My friend and fellow glider keeper, Sadie very kindly helped out a young lady on another forum by rehoming her abandoned joey and her male glider. The male glider has come to live with me today. Ive not given him a name just yet, I will wait for him to settle in and get to know his personality, but the name Scamp is a possability at this point. He is extremely friendly and trusting, obviously used to human contact. We coaxed him out of Sadies pouch with a little Agave nectar on my finger and popped him in my pouch with a little piece of fleece which I slept with last night :. Later I offered him a yoggie drop to encourage him to look out of the pouch and see his new cage, he loved that., he explored about a quarter of his cage and discovered the secret santa pressie - a lion off Sadie and John - he whirled around inside it , it looked like he was in a washing machine (hmm more name ideas - Ariel, Bold, Whirlpool :), lol, then settled down and has been there ever since.
We are at present unsure whether he is neutered or not. Sadie had a look and thought he might be. Also he does not have the bald spot on his head. His fur is a bit ruffled with lots of partings in it, fingers crossed a good diet will help it improve.
Ive made his first meal of blended raspberries, dandelion greens and mango in varying amounts tonight, totaling 1.7:1 which isnt too bad, with some Science plan cat biscuits.
Here are the first photos, I didnt want to take to many in case I frightened him, mind he did not seem at all bothered by me or the camera.
He will be joine by a female glider in 13 days :lol: - introduced slowly of course.
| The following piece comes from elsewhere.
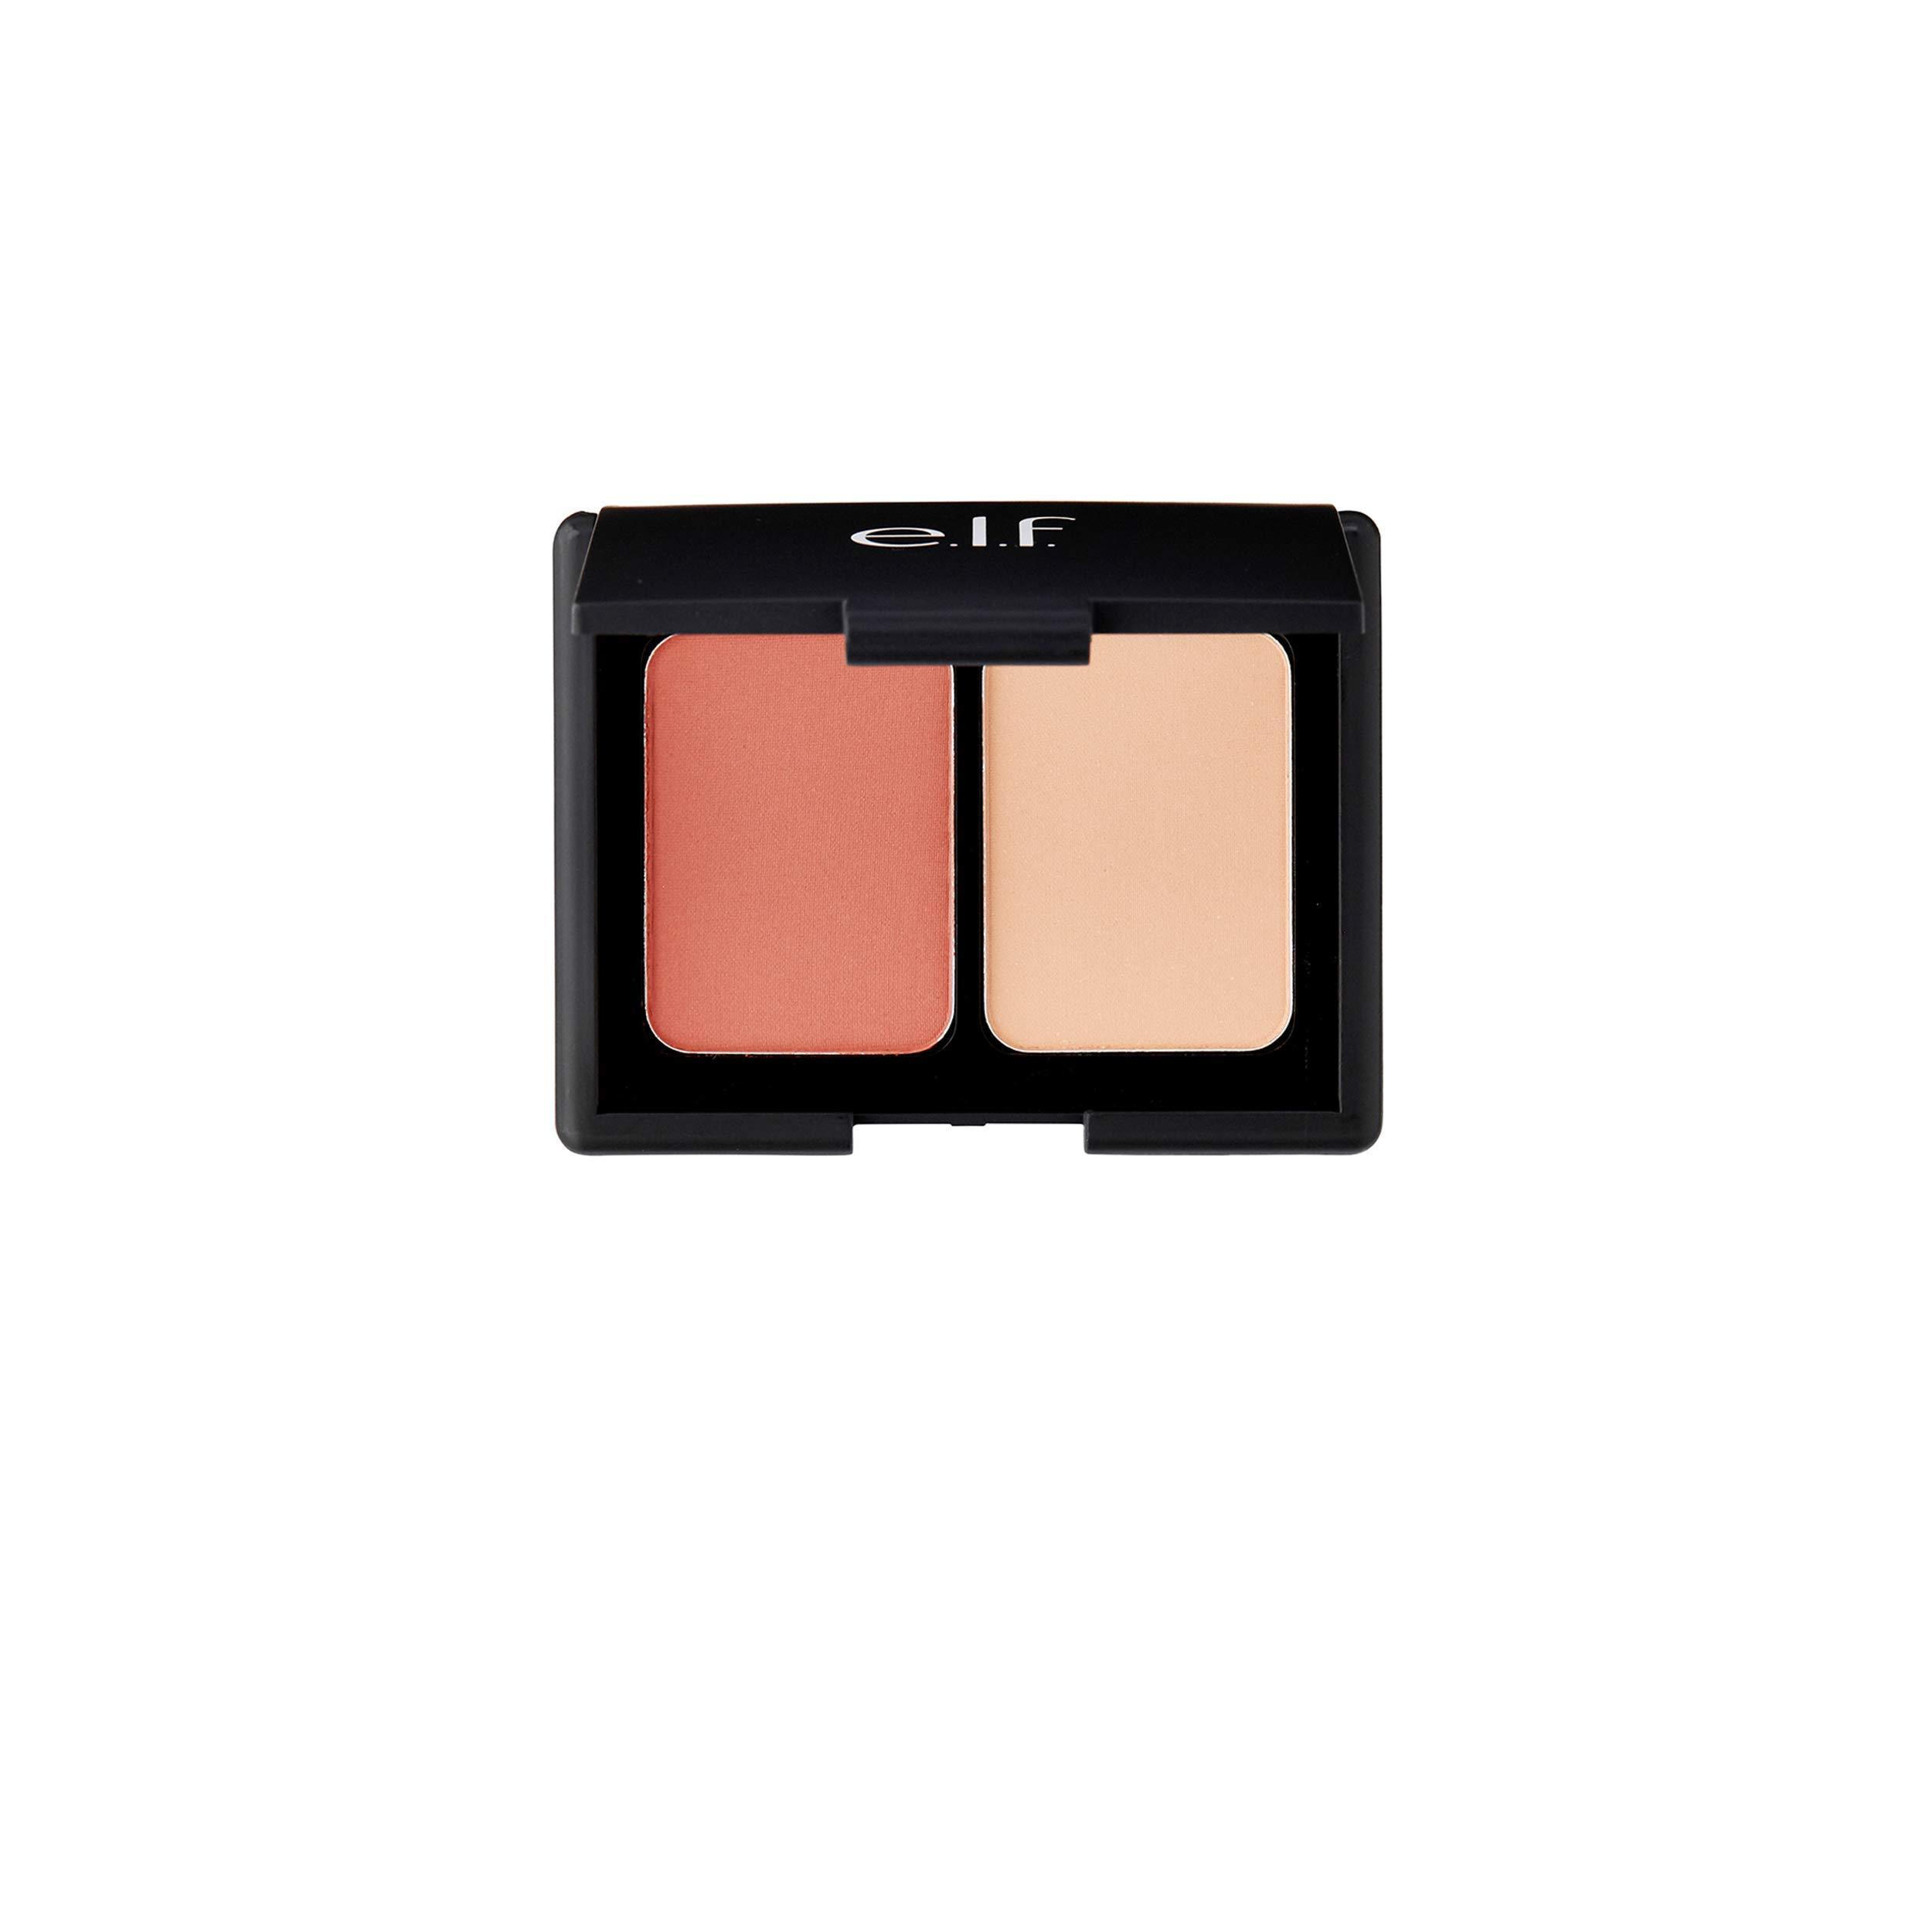 e.l.f. Matte Blush Duo Blendable Color Powder, Rosy Flush, 0.30 Ounce

Here is his cage, I still need to add a branch - I have loads but Im not sure which trees they have come from so need to check first.


----------



## linda.t (Sep 28, 2007)

what a beautiful little face he is stunning.
linda


----------



## Emmaj (Dec 3, 2007)

Awwwwww he is adorable :no1:


----------



## glidergirl (Nov 27, 2006)

Whaaaaa? You've not posted these on SL? Lol! Seriously, you've done this guy a huge favor taking him on. I'm sure he'll find that cage a little more comfortable than the rotastack he was kept in previously!!!


----------



## Catherine896 (Jul 27, 2007)

Aww what a cute little guy!
Cant wait til I get mine!


----------



## snakelover (Dec 17, 2006)

Are they real active?
How big do they get? Fancy Rat size? Smaller?
Nice Glider : victory:


----------



## Angi (Nov 12, 2005)

glidergirl said:


> Whaaaaa? You've not posted these on SL? Lol! Seriously, you've done this guy a huge favor taking him on. I'm sure he'll find that cage a little more comfortable than the rotastack he was kept in previously!!!


 I have, how could I not, lol? Its in the gallery section I think, I wasnt sure where was best to post it.


----------



## Catherine896 (Jul 27, 2007)

I found it lol 
Do you know how old he is? Dont see him being the little ones Dad lol!


----------



## Angi (Nov 12, 2005)

snakelover said:


> Are they real active?
> How big do they get? Fancy Rat size? Smaller?
> Nice Glider : victory:


 Hiya
visit Untitled Document for lots of info on gliders, thats where I learned about them. Its a very friendly forum.


----------



## hysteria_uk (Nov 28, 2007)

Glad you finally got your glider angi!


----------



## sw3an29 (Jul 13, 2007)

very cute


----------



## Angi (Nov 12, 2005)

hysteria_uk said:


> Glad you finally got your glider angi!


He is gorgeous Dan. Funny little thing is now asleep in the hood of my fleece hoody.


----------



## Iliria (Jan 19, 2007)

lovely glider


----------